■ THE PROBLEM: When duplicating the records beneath this instruction, omit every picture and keep all else exact.
*** Block opens ***
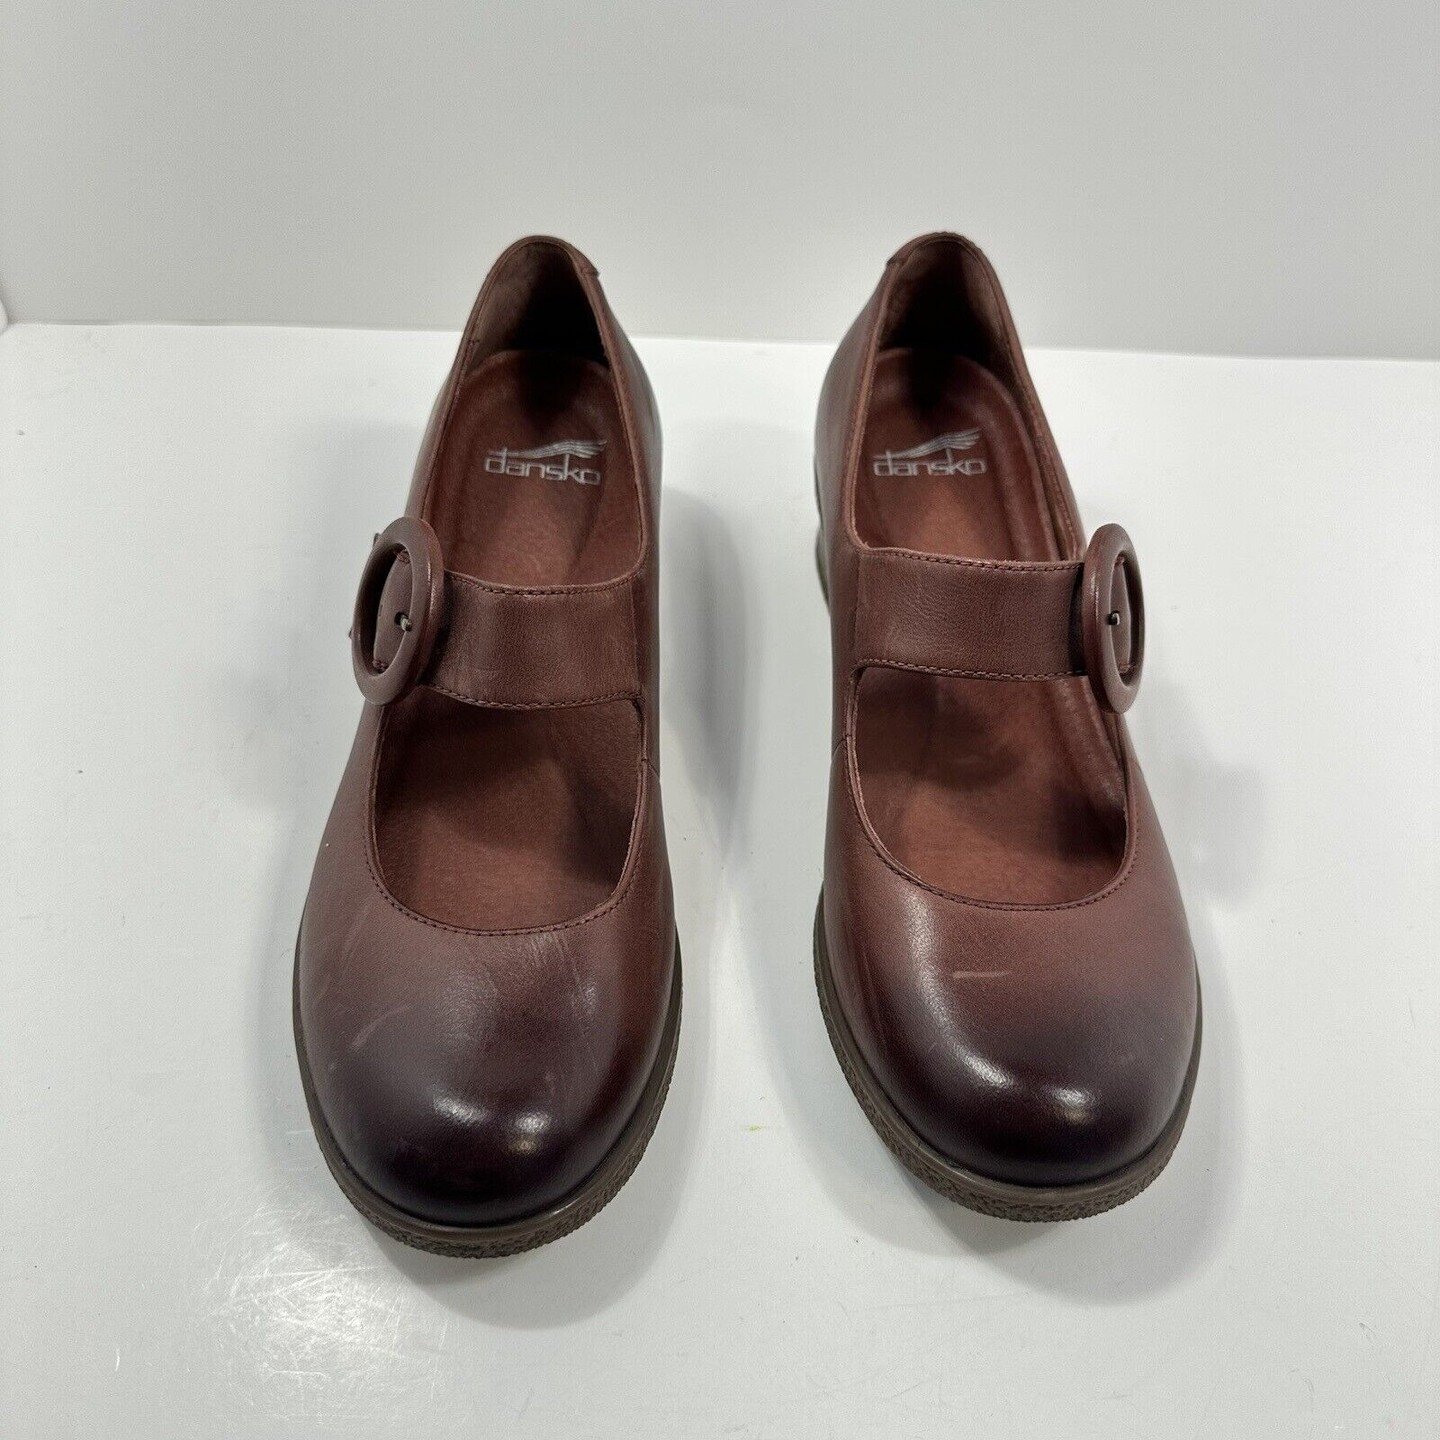 Preowned Dansko Women's Waterproof Brandy Burnished Mary Jane Comfort Shoes US 9
$69.00

These are awesome. Soft and in good preowned condition. Size 39 or US 9. Adjustable top strap. 1&quot; heel rise.
#ebayseller
#poshmarkseller
#mercariseller
#com
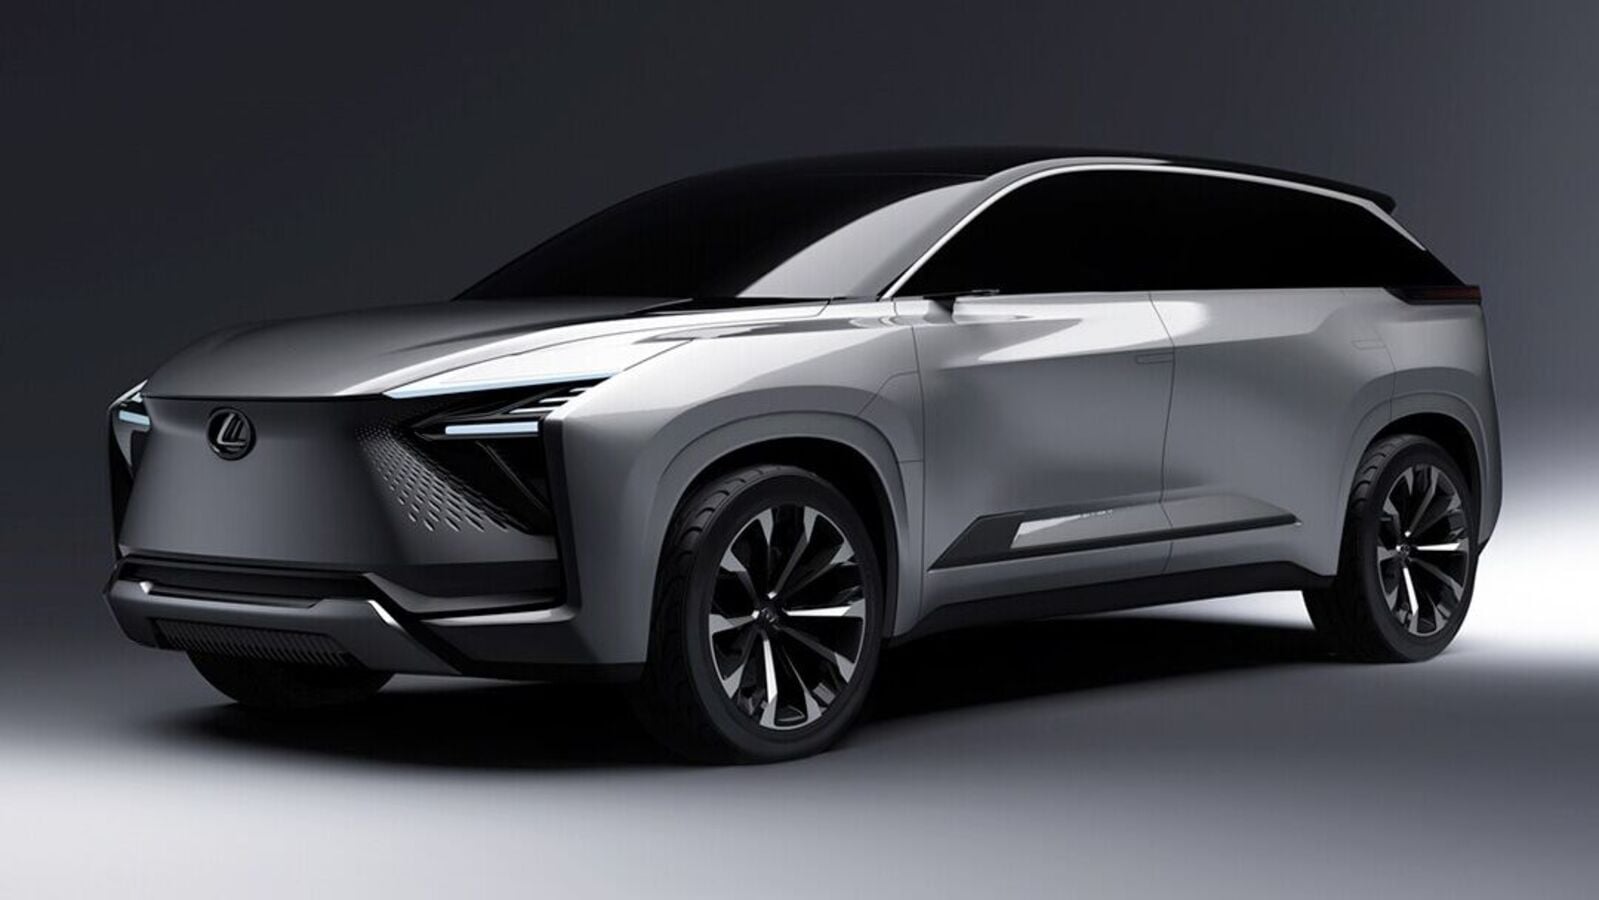 Lexus electric SUV is a dazzler on wheels. Check out new pics HT Auto
*** Block closes ***
■ REPLY:
 Preowned Dansko Women's Waterproof Brandy Burnished Mary Jane Comfort Shoes US 9
$69.00

These are awesome. Soft and in good preowned condition. Size 39 or US 9. Adjustable top strap. 1&quot; heel rise.
#ebayseller
#poshmarkseller
#mercariseller
#com
 Lexus electric SUV is a dazzler on wheels. Check out new pics HT Auto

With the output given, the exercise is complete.